The next section is the more advanced stats – or underlying/possession numbers, whatever you want to call them – and they are at 5-on-5 play. The Flyers are the only team to improve in Corsi-For Percentage, Expected Goals-For Percentage, and Goals-For Percentage. Meanwhile, the Bruins’ possession numbers went down, and the Blue Jackets were a mixed bag. This may be skewed a bit due to how bad the Flyers were last season, but that’s kind of the whole point.

Moving on to special teams play, the Flyers saw improvements of three percent on both the power play and penalty kill. The Bruins got worse ever so slightly on the power play, but their penalty killing made up for it. The Blue Jackets, however, saw a net negative due to a slight increase in power-play efficiency and decline in penalty killing.

Finally, we come to the Stat That Matters: goals.

The Bruins improved at both ends of the ice with 0.11 more goals for per game, and 0.2 less goals allowed per game for an overall improvement of +0.31 goals per game. On the other hand, the Blue Jackets’ scoring predictably went down due to the loss of Panarin and their injuries, but over a half a goal is quite the drop off.

They became a more defensive team with 0.21 less goals allowed per game. But that still leaves them with a 0.34 goals per game decrease. They went from scoring 0.3 more goals per game than their opponent to having a negative goal differential. I don’t see how a team with a negative goal differential (even if it is only -1) can have the Jack Adams winner, but we’ll have to wait and see.
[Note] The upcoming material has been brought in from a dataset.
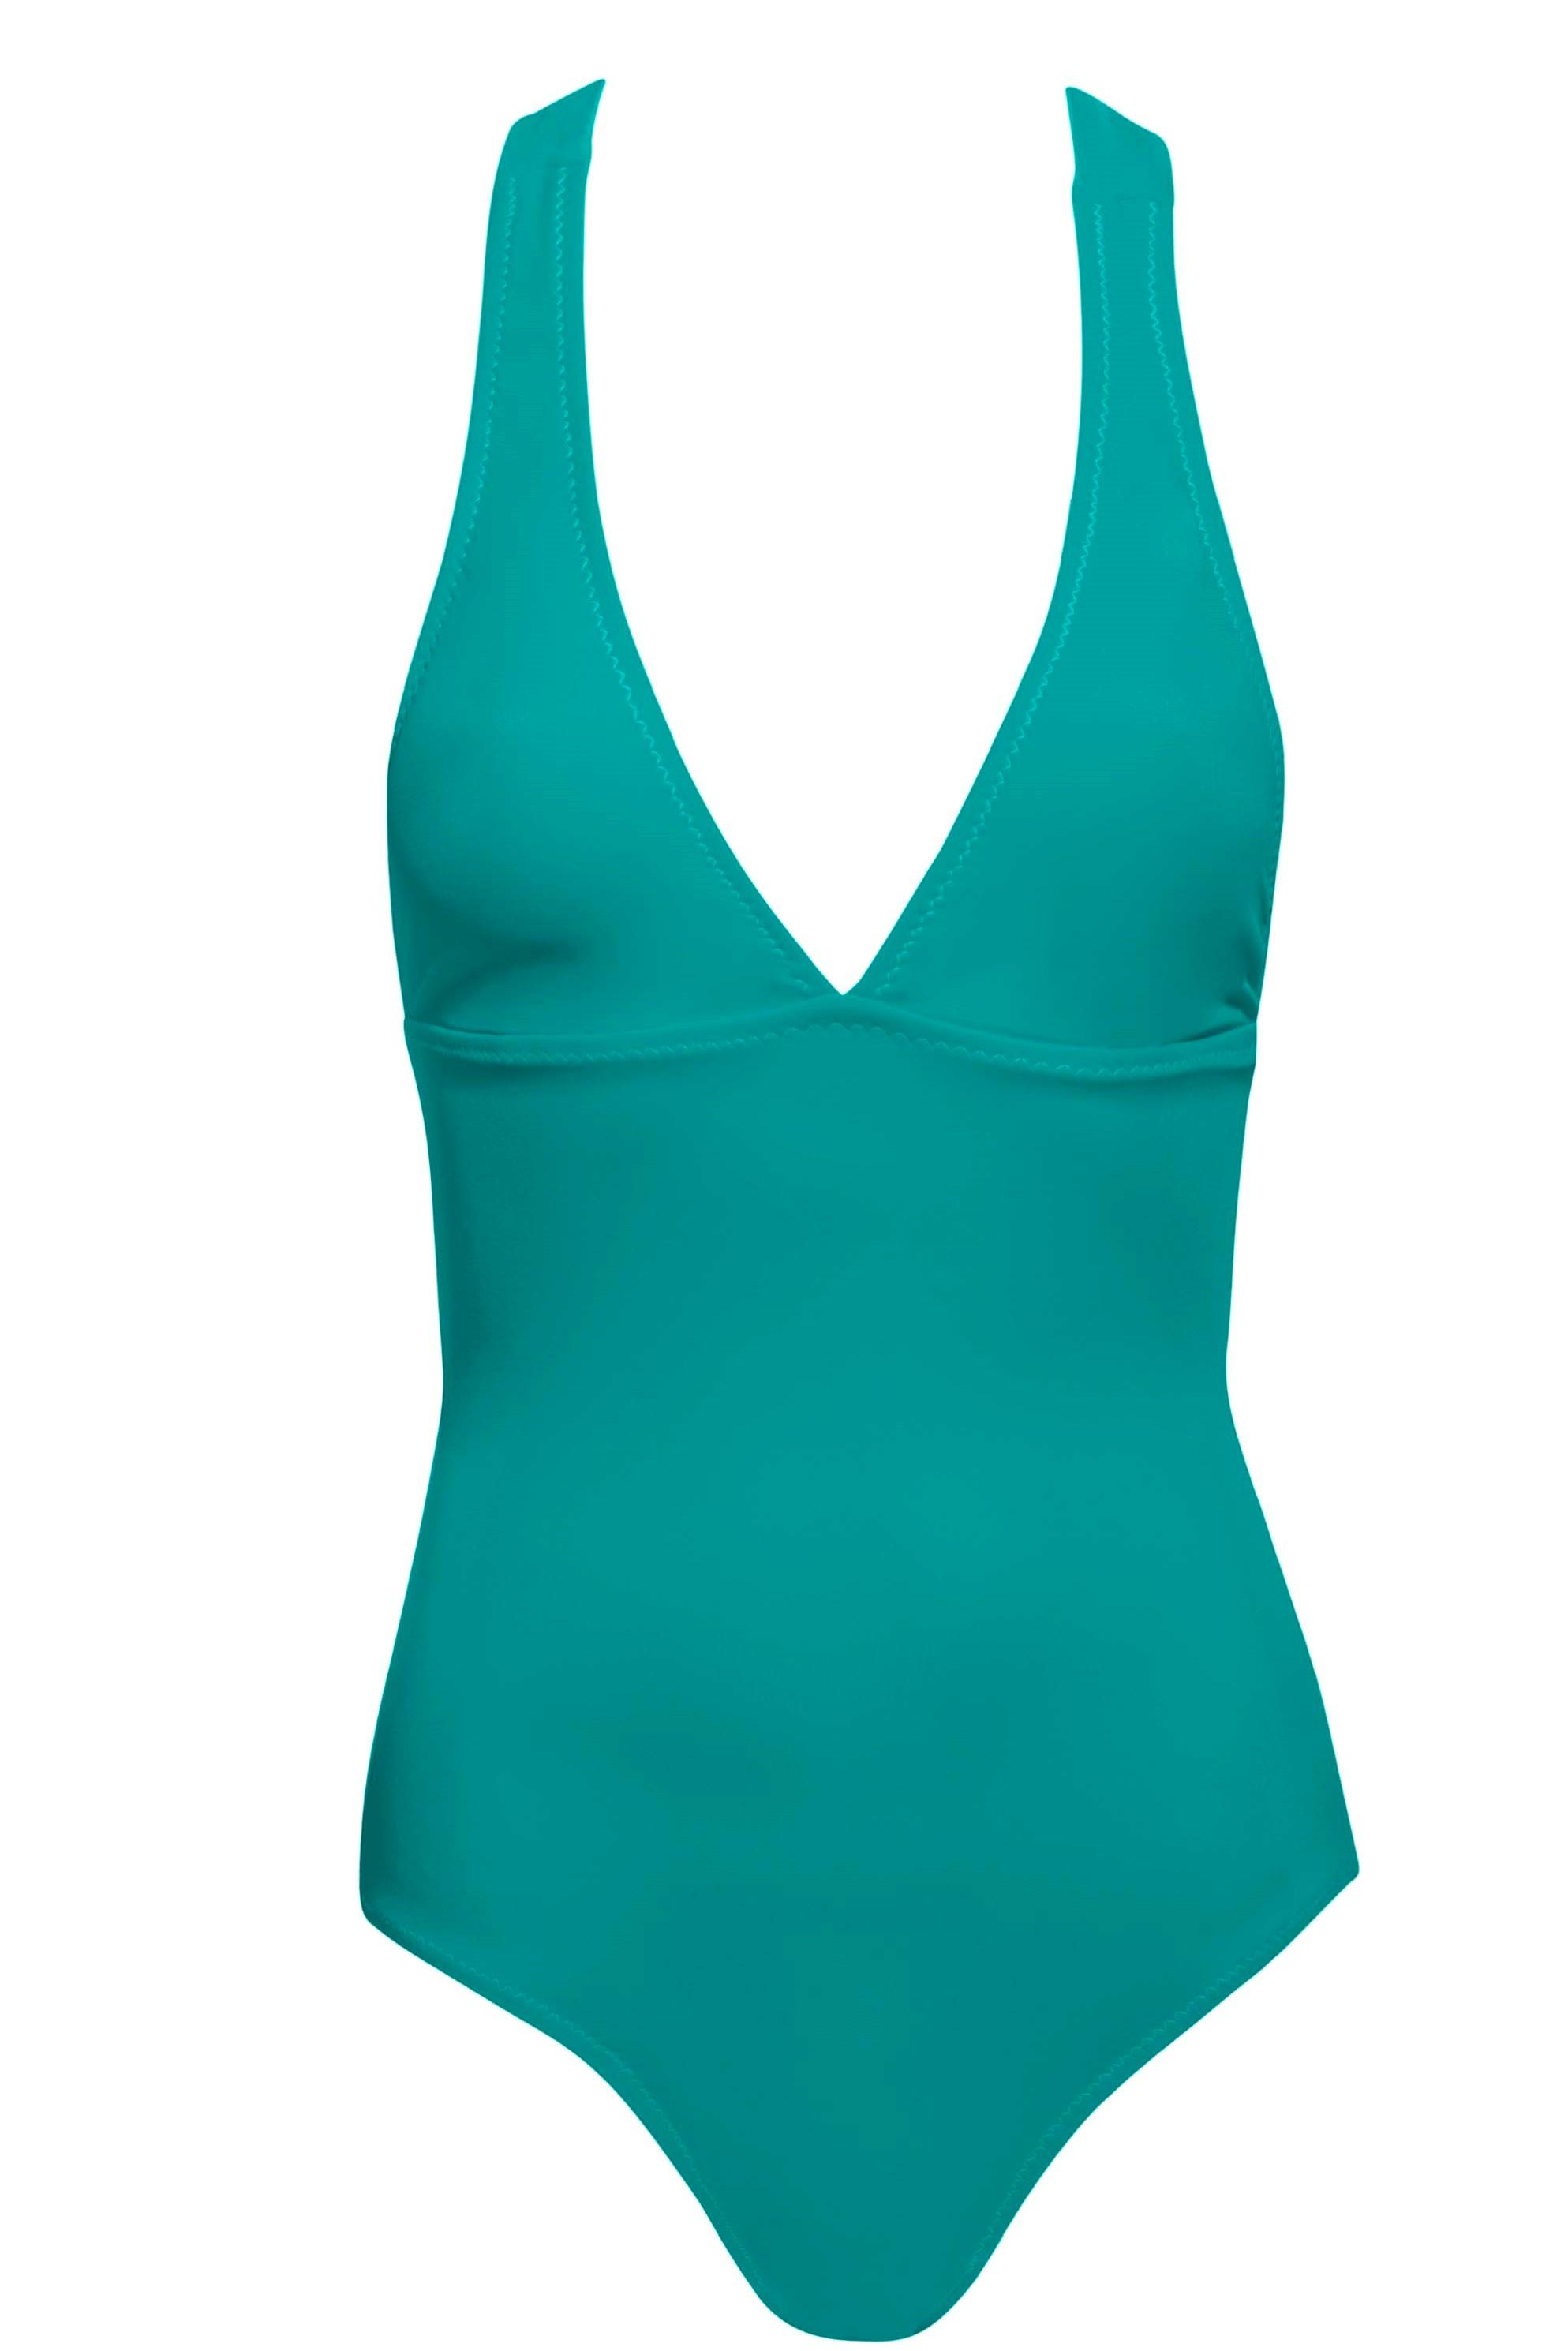 Phax Color Mix Badpak Jade-small-Jade Groen

Once again, the Flyers came out on top. They scored 0.35 more goals per game, while allowing 0.64 less goals per game, making a difference of nearly a full goal per game. That’s seriously impressive. This year’s Flyers scored more goals (227) in just 69 games than the team did in the ‘14-15 (212), ‘15-16 (211), and ‘16-17 (212) seasons. A rate of 3.29 goals per game is the Flyers’ highest since 1996-97 (3.29), and we all know what happened that season.
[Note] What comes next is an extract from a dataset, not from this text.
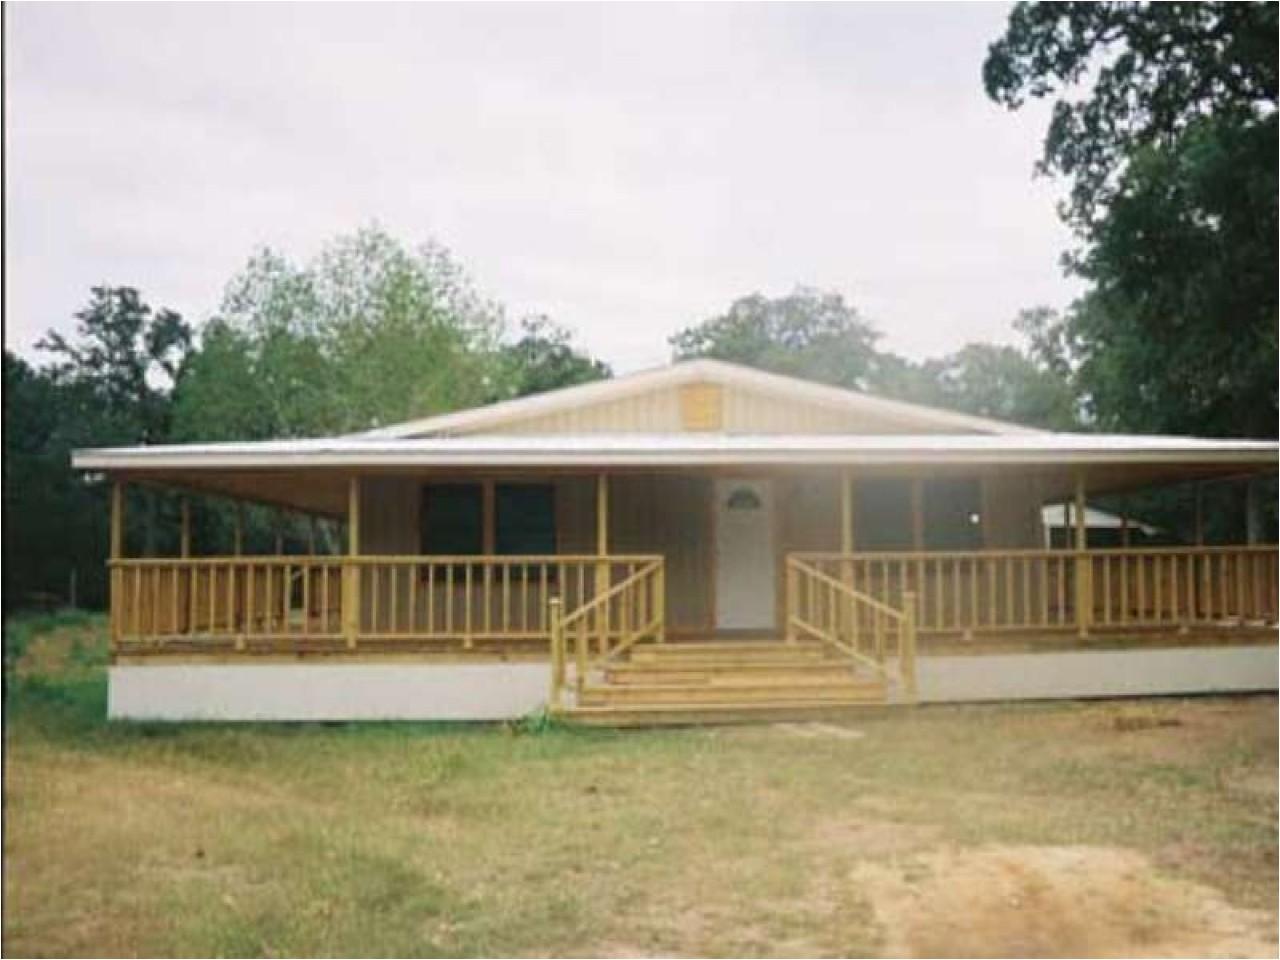 183dd689f3b9b3d6 double wide mobile home porches used double wide mobile homes

Here’s a look at how the three teams’ performances changed from last season to this season.

‘18-19 season to ‘19-20 season

18-19 to '19-20 Point % CF% (5v5) xGF% (5v5) GF% (5v5) PP% PK% GF/GP GA/GP GD/GP
18-19 to '19-20 Point % CF% (5v5) xGF% (5v5) GF% (5v5) PP% PK% GF/GP GA/GP GD/GP
Bruins 6.19% -2.22% -1.10% 2.20% -0.70% 4.40% 0.11 -0.2 0.31
Blue Jackets -1.90% -1.10% 1.05% -1.77% 1.00% -3.30% -0.55 -0.21 -0.34
Flyers 14.49% 2.57% 1.91% 6.83% 3.70% 3.30% 0.35 -0.64 0.99

It’s incredible that the Flyers improved in every category across the board. The Bruins had a pretty good regular season compared to last, but it’s hard to say that about the Blue Jackets. I know the award isn’t about how a team has improved from one season to the next, but it’ll be tough to swallow a Tortorella win given Vigneault’s case.

Another thing that Vigneault has over the other two finalists is that he is in his first year as head coach. Cassidy took his team to the Stanley Cup Final, and Tortorella is in his fifth season with the Blue Jackets and swept the Lightning in the playoffs last year. Vigneault came into a team with a certain culture, had everyone buy in as he implemented his system, and the results are showing.
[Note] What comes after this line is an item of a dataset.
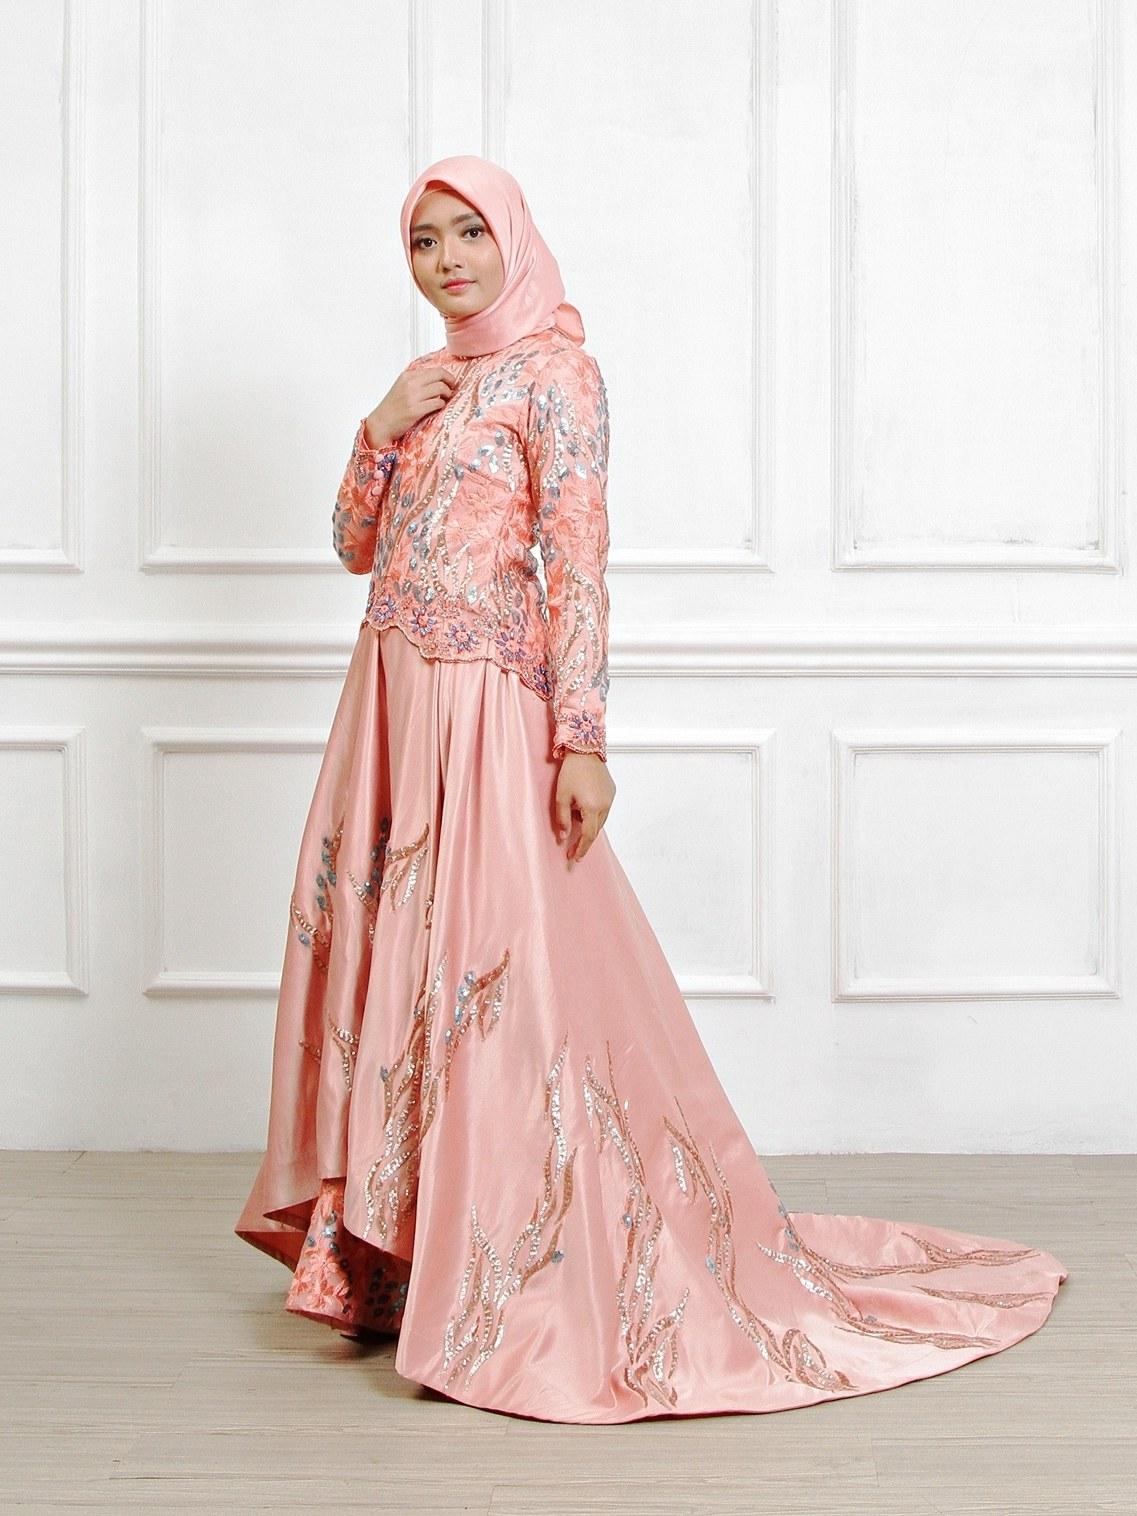 Bentuk Sewa Gaun Pengantin Muslimah Di Bekasi 8ydm Gaun Pengantin Muslimah Dress Muslim Pungky Rumah Jahit

Vigneault’s first season in Philadelphia has undoubtedly been a success. He has gotten production out of his top veterans, the young players have progressed well, and the depth guys have been better than the sum of their parts due to the position they’ve been put in.

With all due respect to Cassidy and Tortorella, Vigneault deserves the Jack Adams Award.